This article explores the operation of an equal conductors Folded Half Wave Dipole using an NEC4 model.

Models

Common parameters for all models:

The models are based on a pair of conductors that has lowish Z0 and velocity factor so as to cause an observable effect.

Model 1 - Ordinary half wave dipole

An NEC4 model was created of a nominally half wave dipole formed from the parallel pair of wires with the conductors at each end bonded, and identical voltage sources inserted in the centre of each wire of the pair.

The dipole length was adjusted for approximately zero reactance at the feedpoint, and the length noted as 96% of a physical half wave and feedpoint impedance with both sources in parallel was 71.5Ω.

This model essentially establishes the impedance and length of an electrical half wave dipole using the ideal conductors in a vacuum.
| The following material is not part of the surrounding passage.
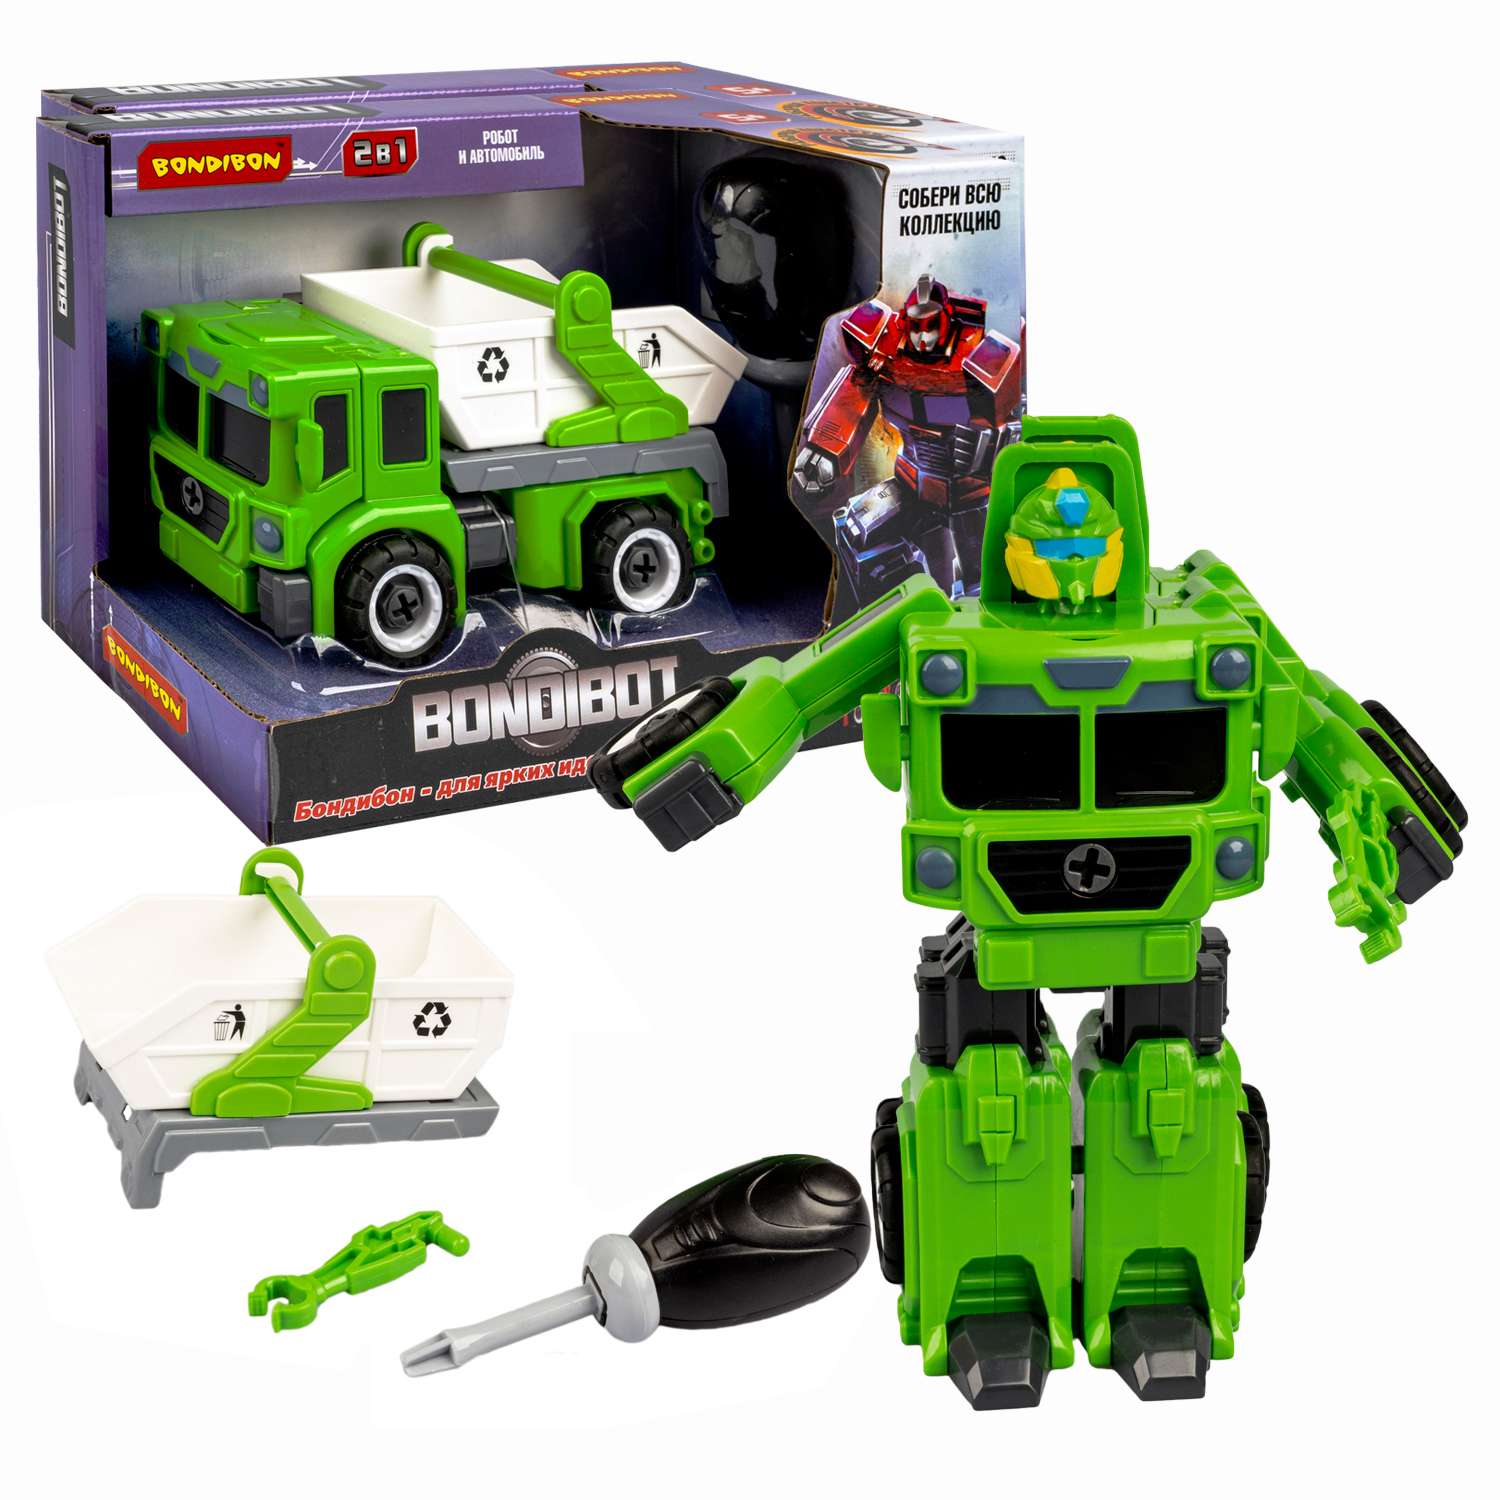 Трансформер-конструктор BONDIBON Bondibot Робот-мусоровоз 2 в 1 бело-зеленого цвета с отвёрткой - фото 1

Model 2 - Ordinary half wave dipole using insulated conductors

An NEC4 model was created of a nominally half wave dipole formed from the parallel pair of insulated wires with the conductors at each end bonded, and identical voltage sources inserted in the centre of each wire of the pair. The insulation is 2mm radial thickness of dielectric with permittivity 10.
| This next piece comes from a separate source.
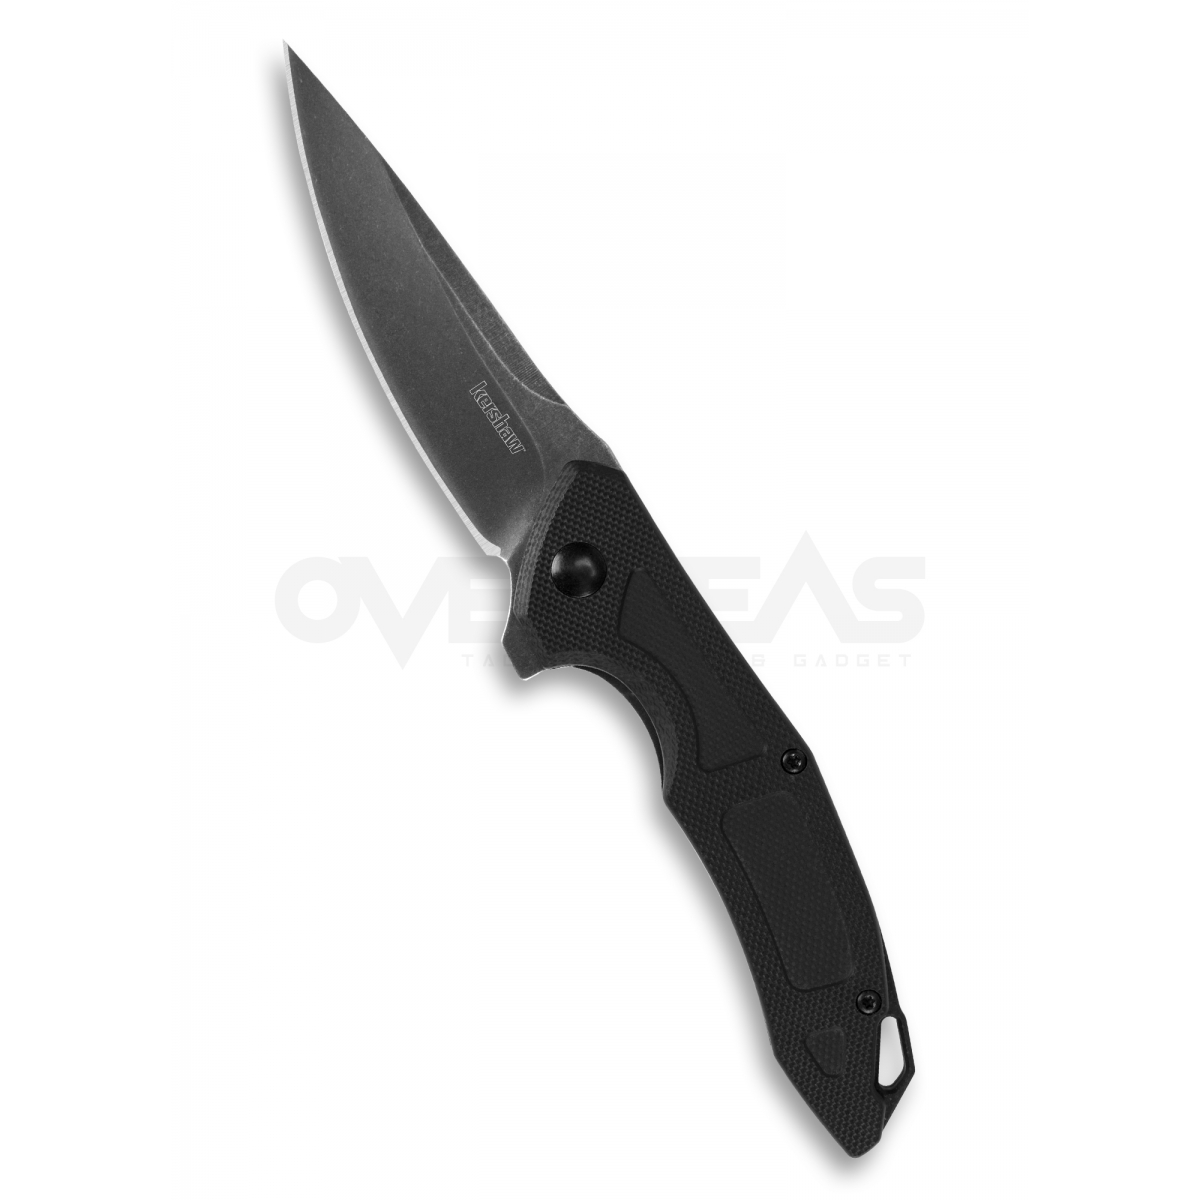 มีดพับ Kershaw Anso Method Liner Lock Knife Black G-10 (8Cr13Mov 3" Blackwash),1170

The dipole length was adjusted for approximately zero reactance at the feedpoint, and the length noted as 92.9% of a physical half wave and feedpoint impedance with both sources in parallel was 67.0Ω. The feedpoint impedance is a little lower than that of a thin bar conductor in free space because of the effects of the insulation and the fatter conductor configuration, both of which contribute to shortening and so radiation resistance.
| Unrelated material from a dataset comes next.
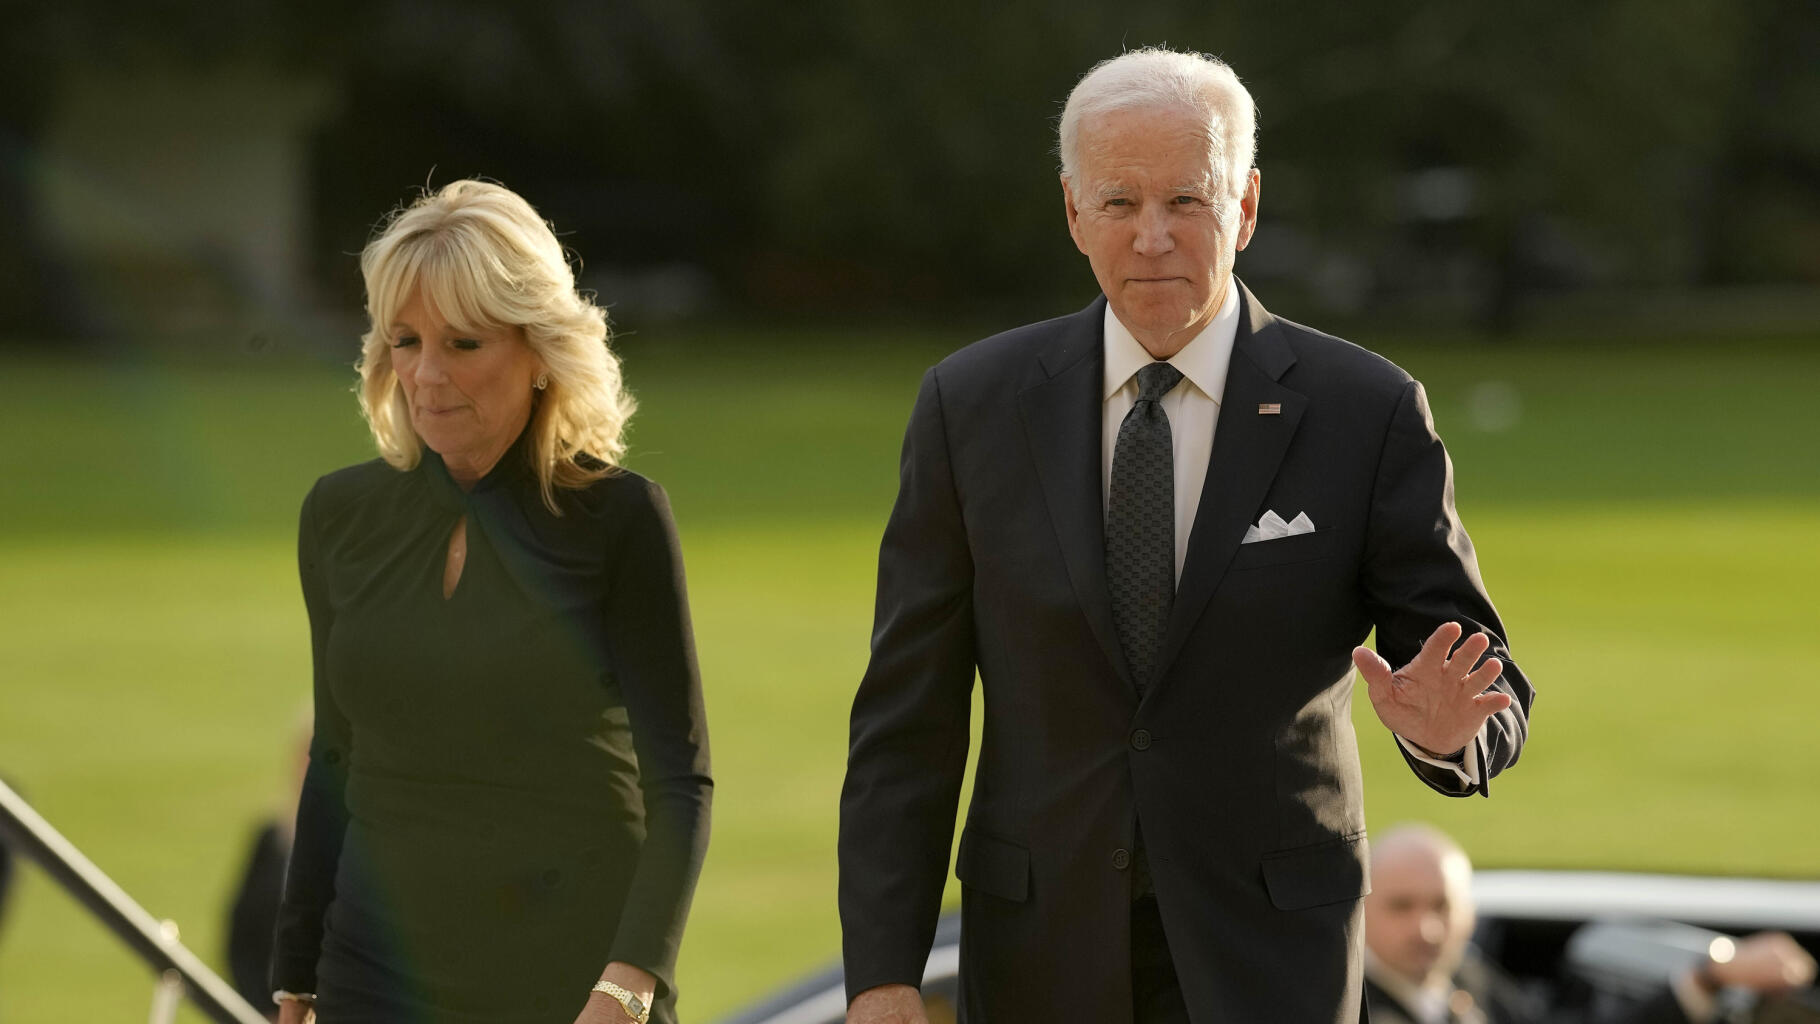 Obsèques d'Elizabeth II : Joe Biden pourra utiliser « The Beast », sa limousine blindée - Le HuffPost

This model essentially establishes the impedance and length of an electrical half wave dipole using the ideal insulated conductors in a vacuum.

Model 3 -Finding the differential mode velocity factor of the pair of insulated conductors

An NEC4 model was created of a nominally half wave length of the parallel pair of insulated wires with the conductors at each end bonded, and a voltage sources inserted in the centre of one of the bonding conductors. The insulation is 2mm radial thickness of dielectric with permittivity 10.

The length was adjusted for approximately zero reactance at the feedpoint, and the length noted as 70.6% of a physical half wave.

This model essentially establishes the common mode velocity factor of the pair of insulated wires in a vacuum.

Model 4 -Folded half wave dipole using insulated conductors

An NEC4 model was created of a nominally half wave dipole formed from the parallel pair of insulated wires with the conductors at each end bonded, and a voltage source inserted in the centre of one wire of the pair. The insulation is 2mm radial thickness of dielectric with permittivity 10.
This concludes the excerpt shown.